Immunosuppressive therapy in transplanted recipients increases the incidence of tuberculosis, because of suppressive effects against the cell mediated immunity (
9). Most cases of post-transplant tuberculosis in the literature have been among the renal transplant patients and reports of post liver transplant tuberculosis are not common (
10). Isolated TB in the allograft liver is extremely rare and until now only three cases have been reported (
6-
8).
Table 2 shows clinical characteristics of previous and current cases of isolated TB in the transplanted liver in detail.

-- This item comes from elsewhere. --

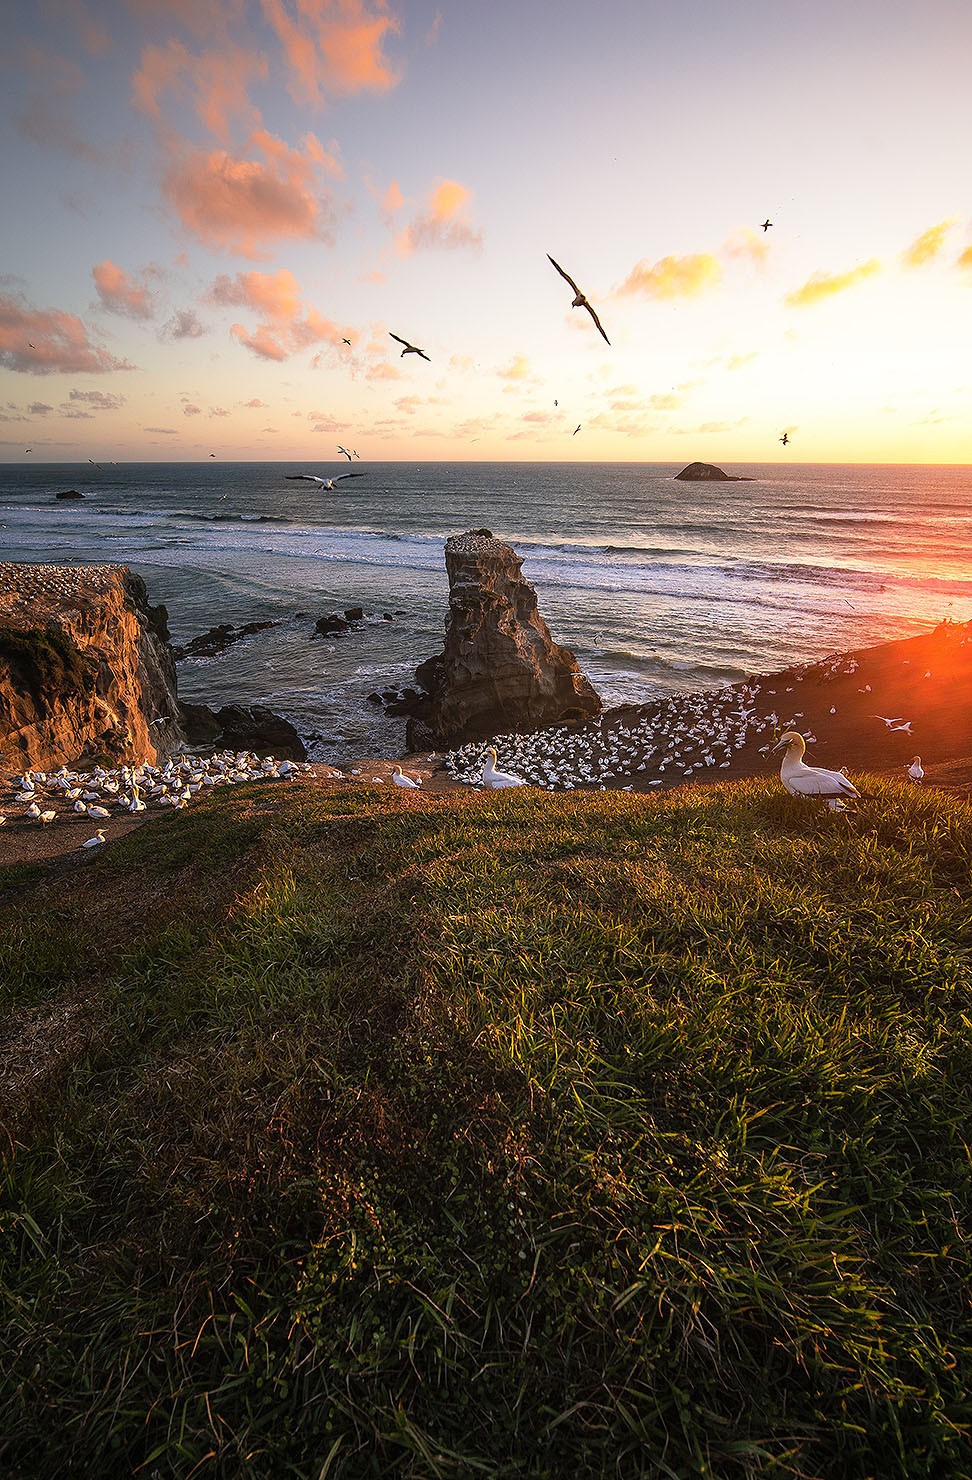 Gannets at the gannet colony in Muriwai at dusk.

Two of the previous cases as well as our case have been in the patients above 40 years of age who have been transplanted by a cadaveric liver (
6,
8). However, the patient reported by Kiuchit et al. From Japan has received the liver from her mother (who finally turned out to be PPD positive). In the adult cases of allograft TB, the diagnosis has been made in 8 to 18 months, but in the pediatric cases, this duration was much shorter i.e. 3 months post transplantation (
6-
8). All of the previous cases were PPD negative before transplantation, so it seems that they have got the infection from the graft (
6-
8). However, pre-transplant PPD test may underestimate the infection, because cirrhosis as chronic disease may result in cutaneous anergy which declines the sensitivity of the test, especially in our case with a history of diabetes mellitus (
3). Addition of pre-transplantion chest imaging would be helpful (
1). It is also important to perform PPD test and chest X-ray in the donor if it’s feasible (living related transplant) (
3). Most common presenting symptoms have been fever and night sweat which in combination with abnormal LFT has led to perform a liver biopsy (
7,
8). The intensity of immunosuppression is a possible risk factor for the development of post-transplant TB i.e. OKT3 or anti-T lymphocyte antibodies (
4). However none of the previous post-liver transplant tuberculosis cases has been receiving these types of medication. Presence of other accompanying diseases such as diabetes (as in our case) is also another predisposing factor (
4). Tissue biopsy is critical for the establishment of the diagnosis (
1). All the previous cases have been diagnosed by liver biopsy or fine needle aspiration and the presence of acid fast bacilli and caseating granuloma (
6-
8). Treatment of the hepatic TB in the allografts of previous cases has been successful by anti TB regimens composed of INH, refampin, and ethambutol. In none of them INH hepatotoxicity has been reported despite of at least 6 months of therapy (
6-
8). It is very important to monitor the patients with liver transplant on both anti TB and immunosuppressive drugs, in order to prevent graft rejection and maintain an effective anti TB therapy, because of high mortality of untreated TB in a transplant recipient (
11). As a conclusion high degree of suspicion is necessary for diagnosis of post-liver hepatic transplant TB and should be considered in the patients with fever and night sweat as well as abnormal LFT.